[ntp:questions] What to do for clients less than 4.2.8?

Rob nomail at example.com
Mon Dec 22 10:32:00 UTC 2014


Martin Burnicki <martin.burnicki at meinberg.de> wrote:
> Rob schrieb:
>> David Woolley <david at ex.djwhome.demon.invalid> wrote:
>>> On 21/12/14 10:48, Rob wrote:
>>>> People say "disable crypto" but there is no clear direction in the docs
>>>> on how to do that.  There is no "crypto off" or "disable crypto" config
>>>> directive at first glance.  So how is this done?
>>>
>>> I would assume by not enabling it.
>>
>> Ok, but in that case why the worry about the "millions of vulnerable
>> servers" on the internet, I think most users who just want to get and
>> serve time don't spend the week of time needed to get the crypto working
>> and to coordinate with other servers doing the same.
>
> I think this is because they just didn't understand in which cases these 
> vulnerabilities can be exploited.
>
> And of course, the information flow was really bad here, so that it is 
> very hard to figure out which systems are affected.

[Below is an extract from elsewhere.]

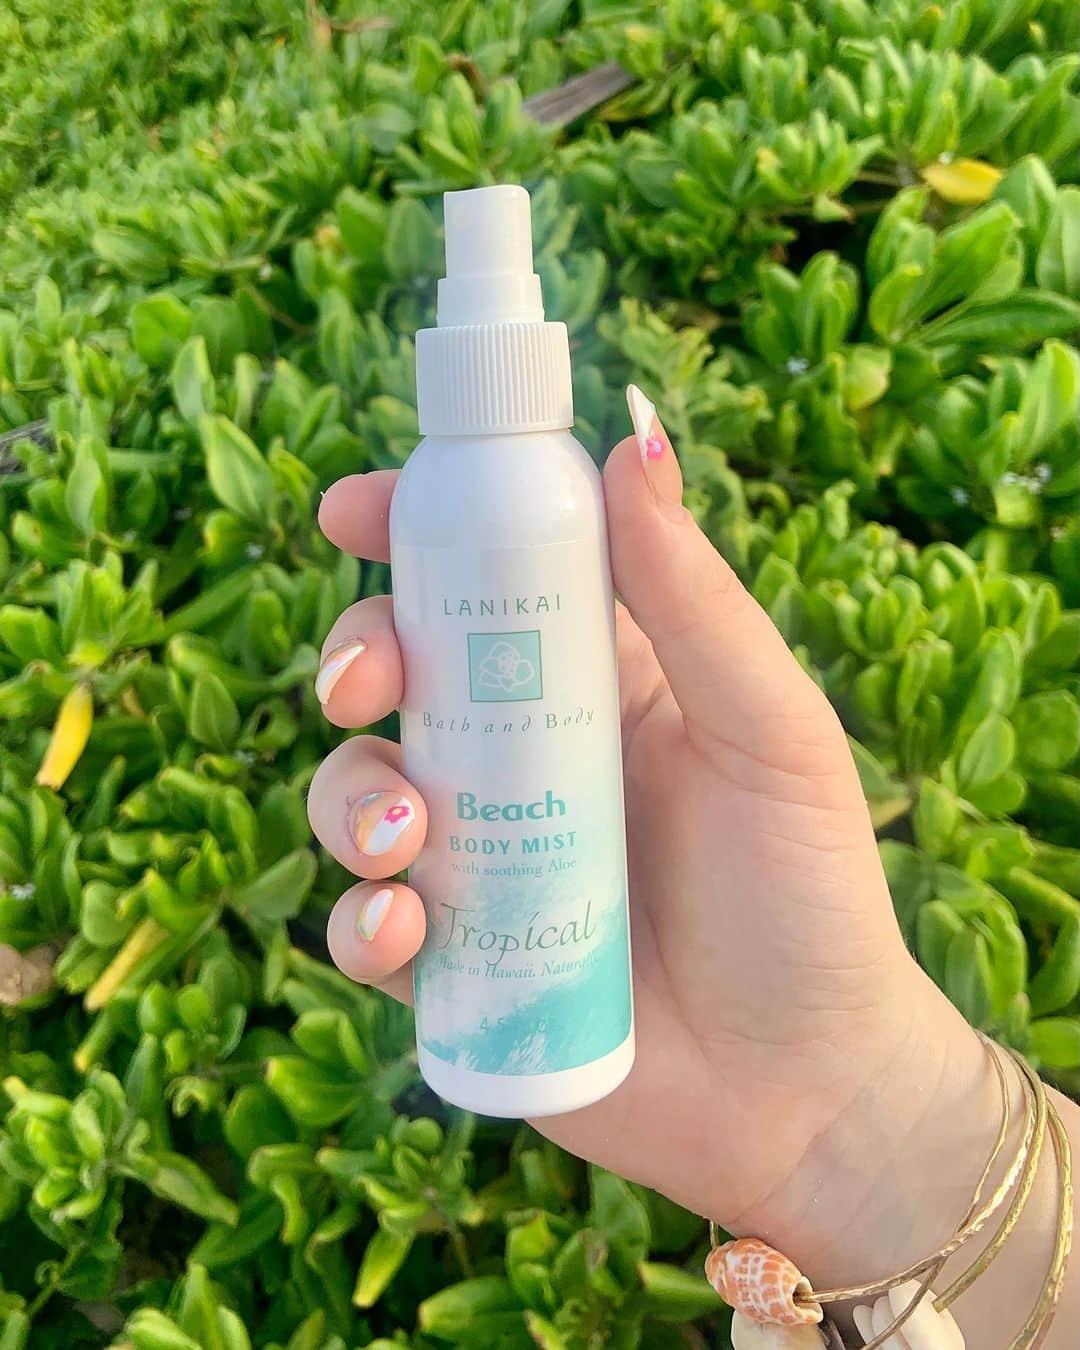 Lanikai Bath and Bodyのインスタグラム：「Our naturally nourishing Face & Body Mist is a local favorite. A tropical splash that soothes, hydrates, and refreshes like a Hawaiian waterfall!  A quick spritz locks in moisture, reviving dry and tired skin, without residue. Infused with purified Hawaiian Water, Aloe vera, and Vitamin E, it’s the perfect rejuvenation for your skin.  ✅ Tones, hydrates & refreshes ✅ 100% evaporation, no residue ✅ Free of harsh chemicals  Keep it with you for a fresh, hydrating escape throughout the day. #LanikaiRefresh #NaturalBeauty  #lanikaibathandbody #MidSummerSale #kailuatownhi 🌴💦」

Indeed.  Only after 3 days there was a statement on the pool mailing list
that the problem only affected servers that can be queried.  Well, that
had better be stated in the original release, so that 99.9% of the users
of ntpd could immediately move it to "not for me" and not be worried.

>> So for now I presume it is on by default...  also because of what I saw
>> in the OpenSUSE example config.  (or would the "keys" config directive
>> be the magic enable crypto directive?)
>
> Unfortunately openSUSE has (symmetric keys) crypto enabled to be able to 
> change ntpd's configuration at runtime via ntpq and/or ntpdc commands. 
> E.g. if the dhcp client receives a DHCP option with the IP of an an NTP 
> server it configures ntpd dynamically to use this server.

Ok, I always immediately cut out such behaviour after installing a system.
I don't want DHCP to modify my NTP settings, or to restart ntpd.
(of course the neat thing about the above solution is that it is not
required to restart ntpd.  in Debian, for example, ntpd is restarted when
a DHCP lease with changed ntp option is received)

I was amazed to see that when updating ntpd from the OpenSUSE update,
the last part of ntp.conf which I commented-out was appended again by
the update script.  So I removed it again.